Justin: where do your students come from?
JimOLAB used to be an Indiana-based program, so Labbies had to be state residents. Over the years it has expanded greatly, and thanks to the Internet, we’re now an international program. Last year we had students from Los Angeles, New Jersey, and even Seoul, Korea. What I like best — the coolest part — is that it’s a scholarship program, so our students come from wildly different socioeconomic backgrounds. When we mix up all these kids who don’t know each other — and if they’re willing to get outside their comfort zones — amazing things happen, intellectually and socially. 

Justin: Do you have any special discounts or scholarships this year?
JimWe have an admissions committee that selects the OLAB class each year because every student who is selected receives a full scholarship worth about $1200. We’ll select 64 students for the program with a short waiting list. 

Justin: Who teaches your classes -or- what are the credentials of your average summer instructor?
Jim We have a range of instructors based on what we’re doing at any given time. Students learn effective speech-making from a well-published college rhetoric professor. The stock market is taught by a Harvard-educated economist. Most of the business stuff is taught by a college economics professor who has literally written the book (a textbook) on teaching econ using Excel. The guy who is in charge of all aspects of the NCAA Men’s Basketball Championship — the guy who negotiates the TV deal, sponsorship, and selects the venues — is our “Game Master” and I’d say he has a little experience in the business world. And we bring in a variety of guest lecturers, from Central Indiana business leaders to a VP at Nike, who last year gave us a sneak peek at the Beijing advertising campaign. It was pretty cool to watch the Olympics and truly understand the marketing strategy behind the TV spots. 

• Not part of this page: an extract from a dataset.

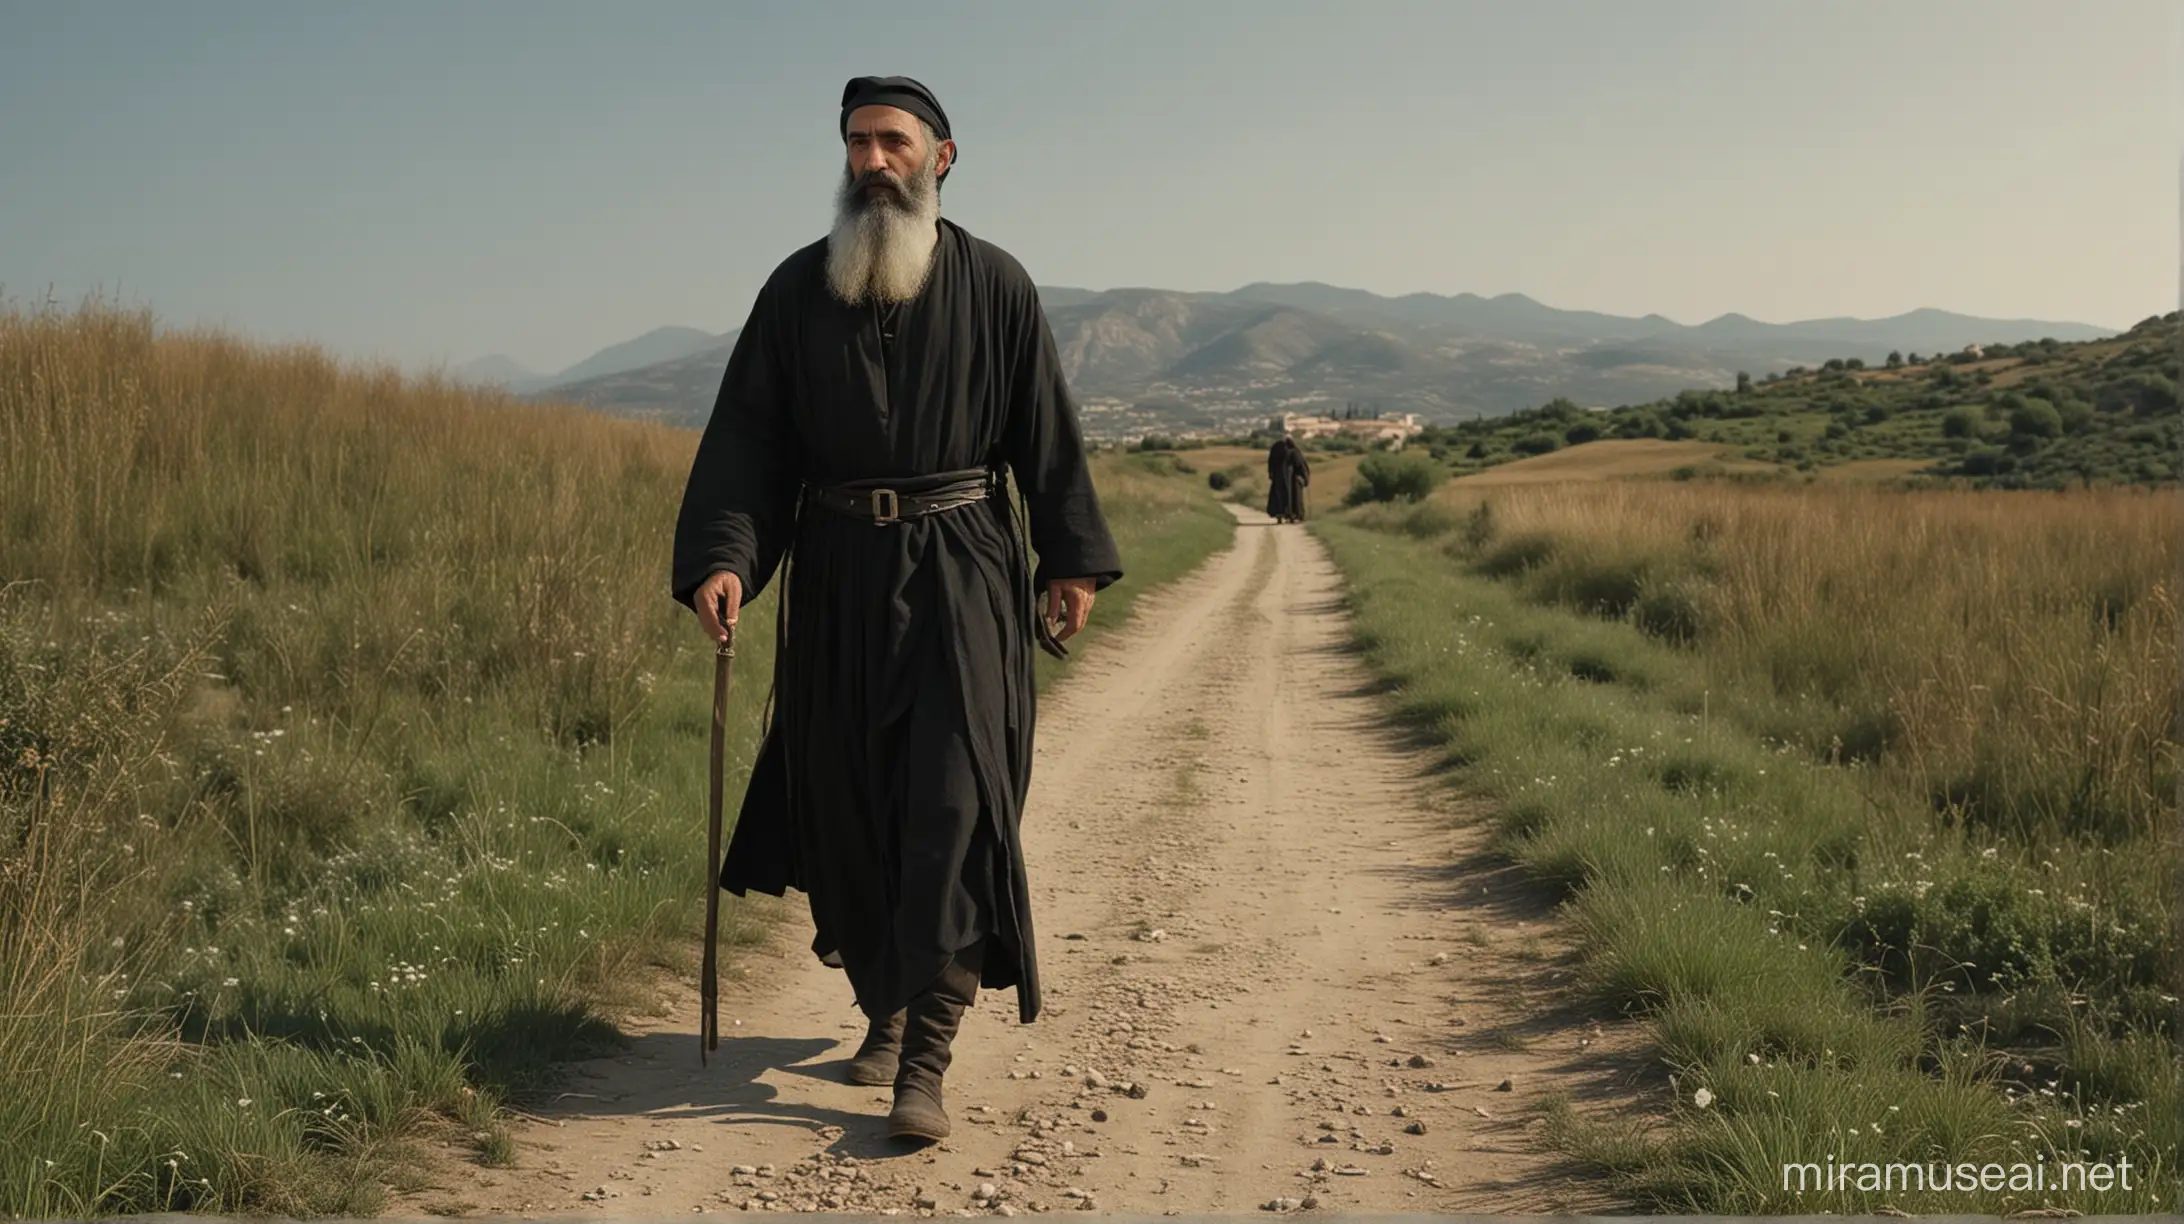 Saint Cosmas of Aetolia, midle-age man with long  beard of short stature, the clothing is black and similar to that of a Greek Orthodox monk, 18th century, Greece, Saint Cosmas is walking alone by a path in the greek field, front, historical hyperrealistic cinematography

Justin: How much supervised free time, including activities, do students have each day? Any Favorite field trips?
Jim Students have a couple of hours of recreation time during the afternoon and most use the Allen Athletics Center to blow off steam in the fitness center, shooting hoops, swimming, or jogging. We have basketball, tennis, pool, and euchre tournaments. We hire lots of OLAB graduates who are college students to serve as our counselors, and they develop team-building and fun social activities every night. Labbies have dances, a talent show, a movie night off-campus, a scavenger hunt, a tie-dye t-shirt day, and what ever the counselors come up with. Because the work during the day is pretty rigorous, we give the Labbies plenty of time to have fun. 

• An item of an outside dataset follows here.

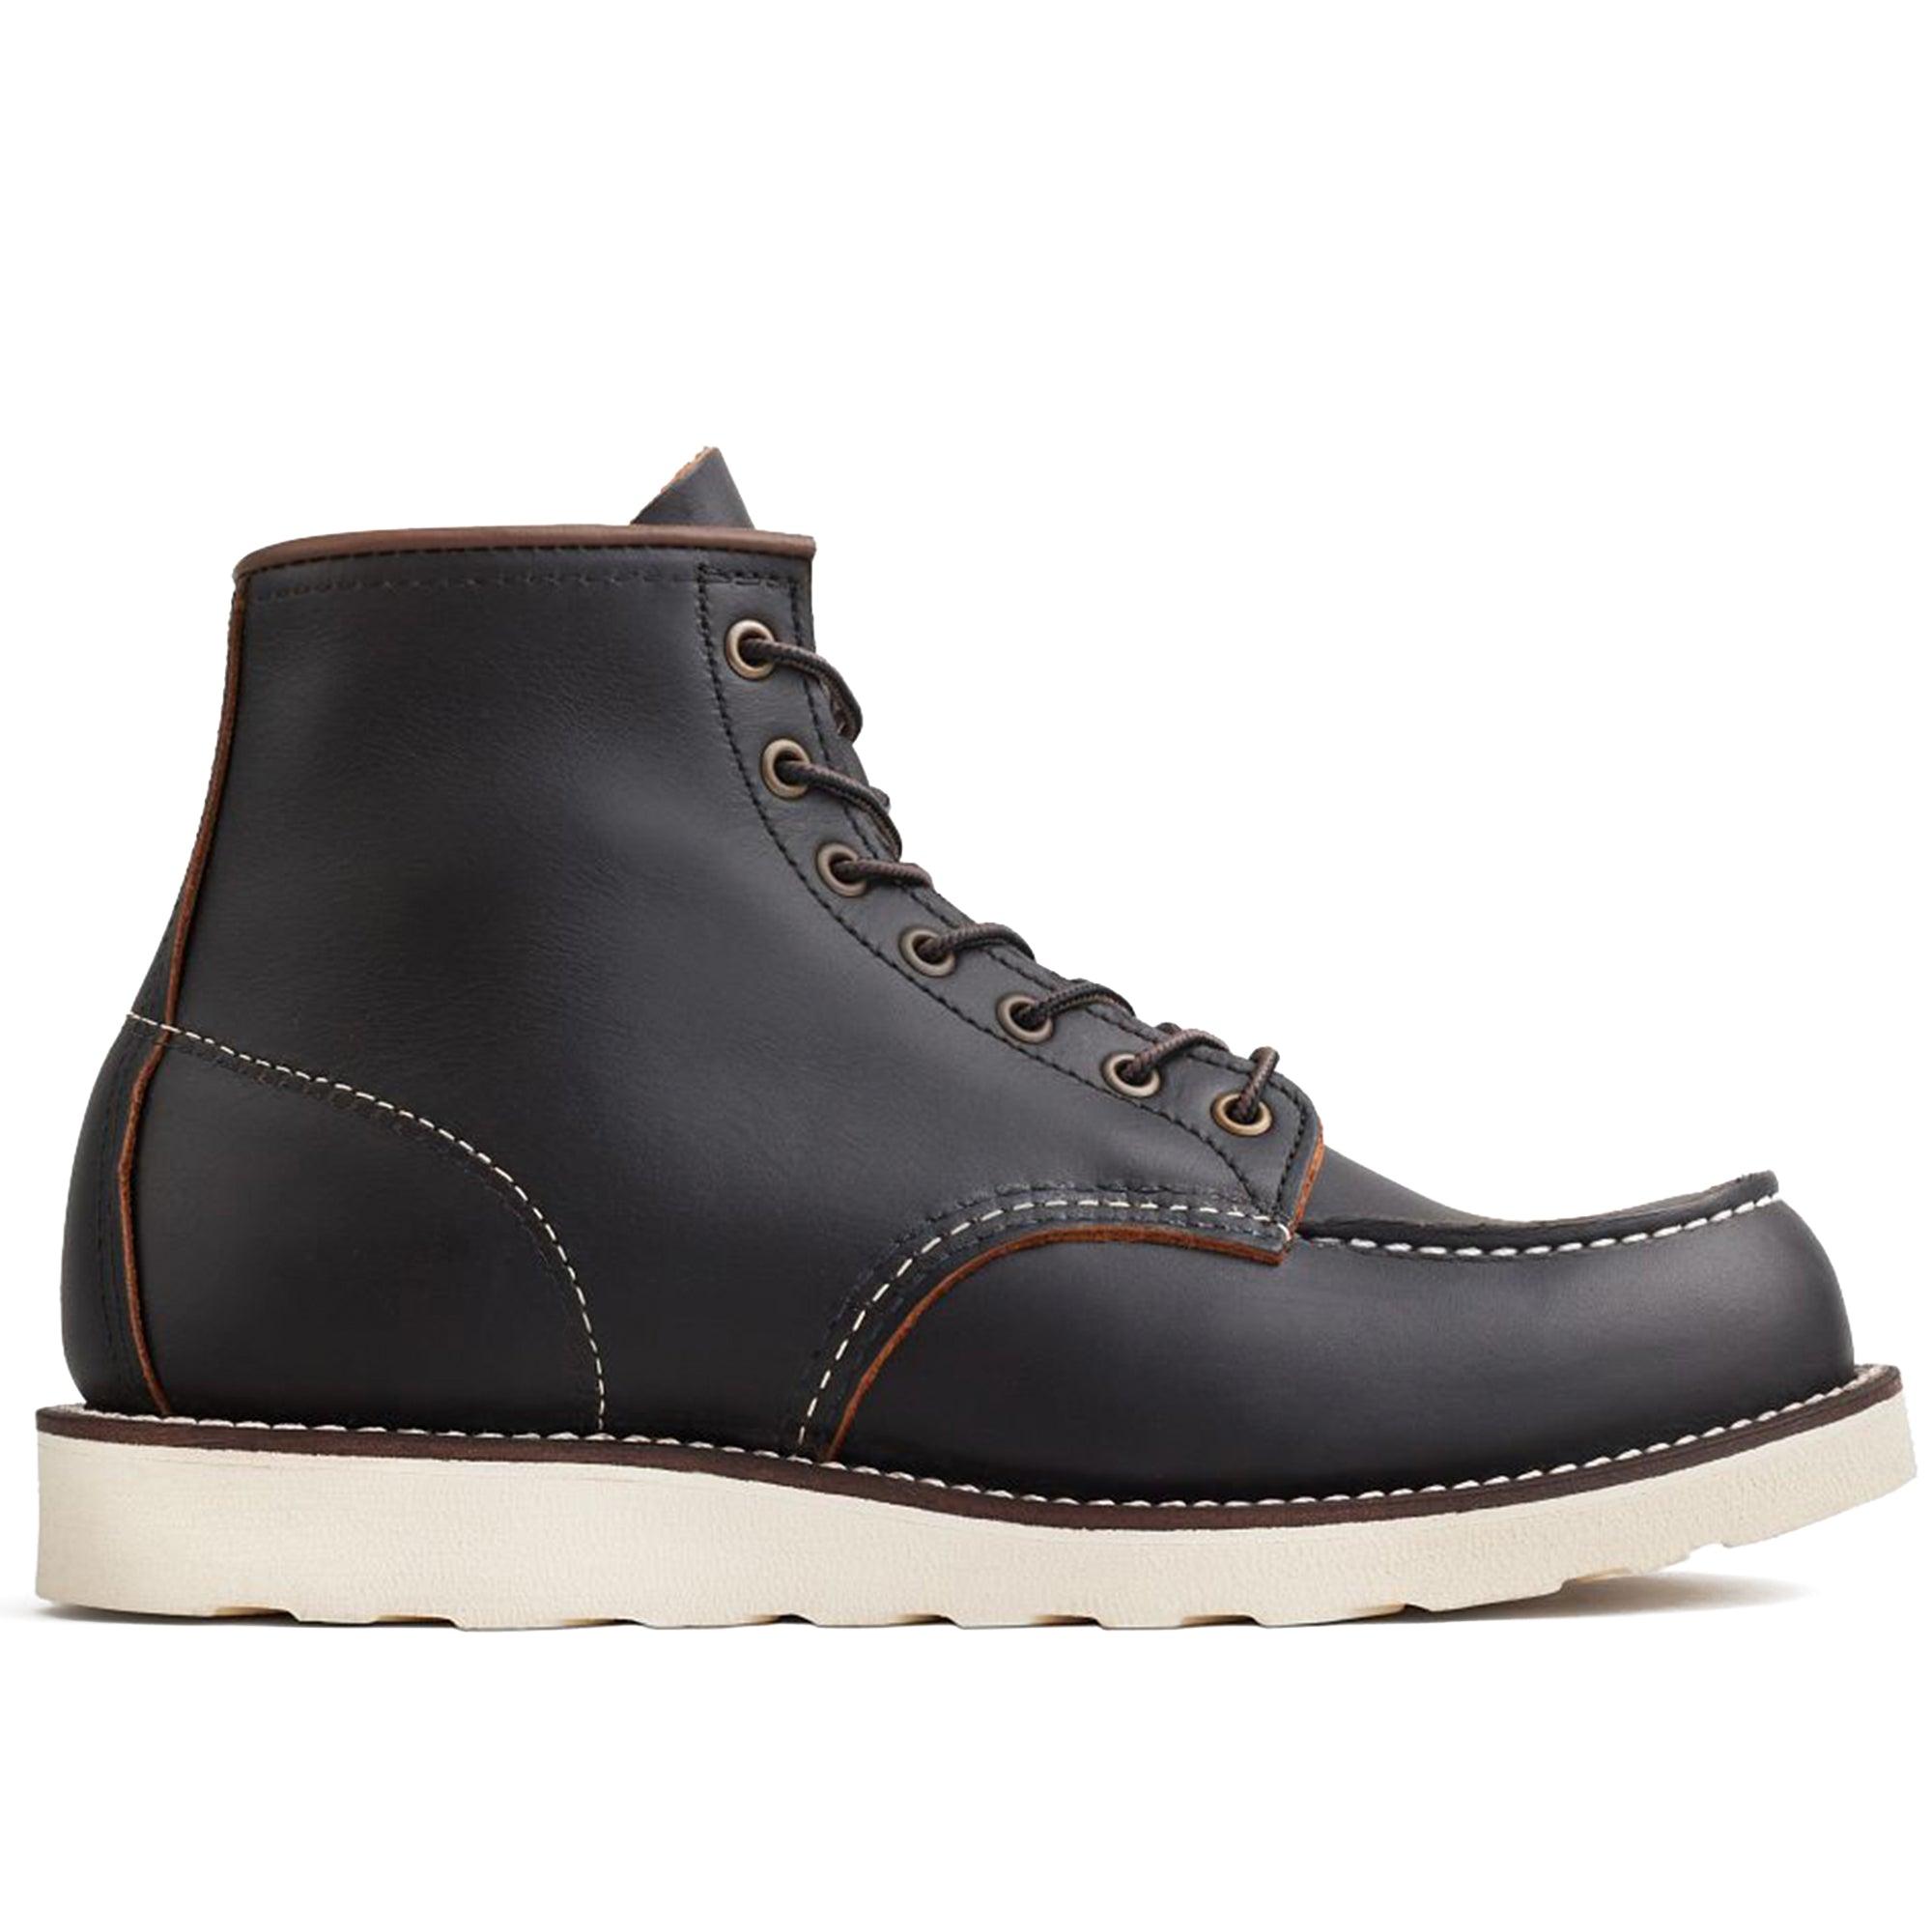 Red Wing 8849 6

Justin: Why do you think pre-college programs are important for students to experience before college?
JimWell, I can only speak for THIS pre-college program, but it’s important on several levels. First, Labbies get up close and personal with the workload of a college student at a competitive private college. They have to juggle multiple assignments, do project-based work, hit deadlines, and work collaboratively with other students — they have to build trust with kids they don’t know.

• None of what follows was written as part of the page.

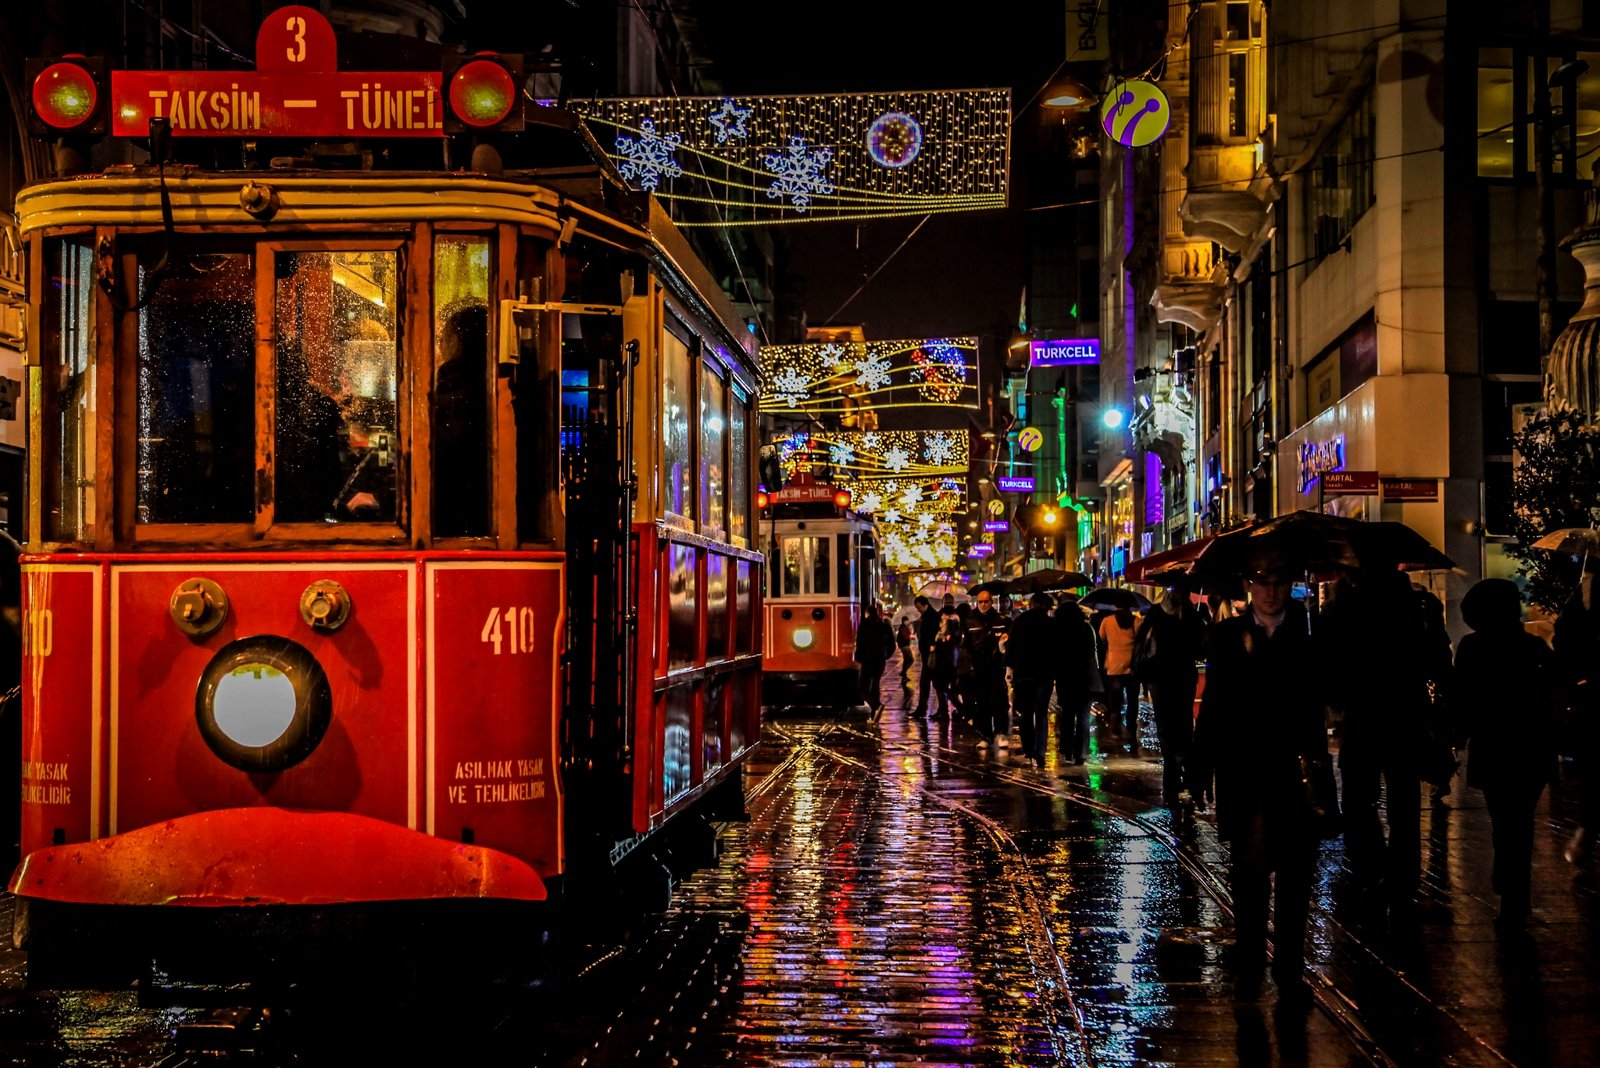 How to ride on the old tram in Beyoglu district in Istanbul

But there’s more to college than working hard. OLAB is fun, to be honest, because it’s application-based learning. We talk about concepts in the classroom, show them examples, and then the students apply those concepts in our simulated business world. And a little healthy competition spices things up!

Sure, Labbies live in dorms, get up early and stay up late, and complain about food service, so in that respect it’s a “pre-college” test drive. OLAB is a little different, though. OLAB is more about relationships — lasting relationships — among the Labbies, their teachers and counselors, and the guest lecturers. In a sense, it’s a network without boundaries of hometown, high school, and familiar social groups. I still hear from Labbies who went through the program 15 years ago.